Sources of results: Washington Examiner and National Journal

| Place | Candidate | Votes | Percentage |
|---|---|---|---|
| 1 | Michele Bachmann | 4,823 | 28.6% |
| 2 | Ron Paul | 4,671 | 27.7% |
| 3 | Tim Pawlenty | 2,293 | 13.6% |
| 4 | Rick Santorum | 1,657 | 9.8% |
| 5 | Herman Cain | 1,456 | 8.6% |
| 6 | Rick Perry (write-in) | 718 | 4.3% |
| 7 | Mitt Romney | 567 | 3.4% |
| 8 | Newt Gingrich | 385 | 2.3% |
| 9 | Jon Huntsman | 69 | 0.4% |
| 10 | Thaddeus McCotter | 35 | 0.2% |
| — | Scattering | 218 | 1.30% |
| Total |  | 16,892 | 100% |

Michelle Bachmann brought country superstar Randy Travis to the 2011 Ames Straw Poll and handed out flyers instructing voters that a free concert would be granted only after voting in the Ames Straw Poll and with this strategy Bachmann won the Straw Poll. Mitt Romney and Jon Huntsman were on the ballot but did not actively compete in the 2011 straw poll. The day after the poll, on August 14, Tim Pawlenty announced his withdrawal from the race after his third-place finish. Rick Perry, who was not on the poll ballot and only appeared as a write-in candidate, formally announced his candidacy while in South Carolina on the same day that the poll took place.

====2015====
In 2015, the Republican Party of Iowa, concerned about the cost charged by Iowa State University in 2011, publicly solicited bids from other potential event sites. On March 12, 2015, Boone was announced as the winning bidder, after a vote by GOP party board members. However, several of the Republican presidential candidates—including Jeb Bush, Lindsey Graham, Mike Huckabee, and Marco Rubio—announced that they would not take part in the straw poll. On June 12, 2015, the Republican Party of Iowa announced that, as the result of a unanimous vote, the straw poll would no longer be held due to the decline in candidate support.

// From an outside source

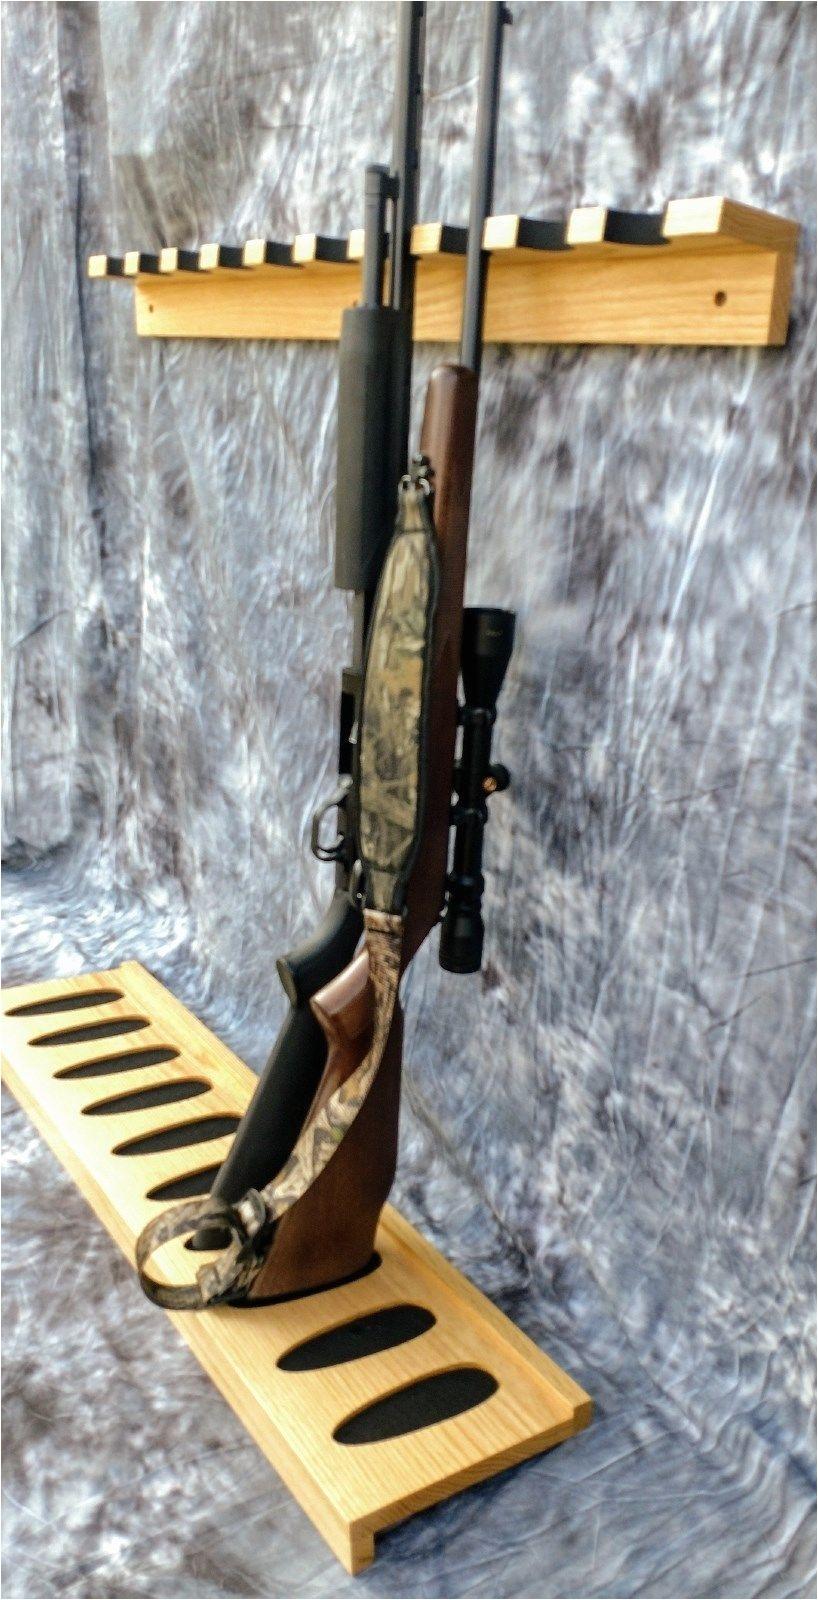 10 gun rack closet wall hunting camp storage garage basement closet oak wood

Despite the absence of an official straw poll, the 2015 Iowa State Fair held an informal poll of its attendees (both Republican and Democrat), and found Donald Trump to be the most favored GOP candidate, and Bernie Sanders the most popular Democrat. Ted Cruz went on to win the Iowa GOP caucuses, defeating Donald Trump by 4 percent, while Hillary Clinton defeated Bernie Sanders by less than 1 percent on the Democratic side.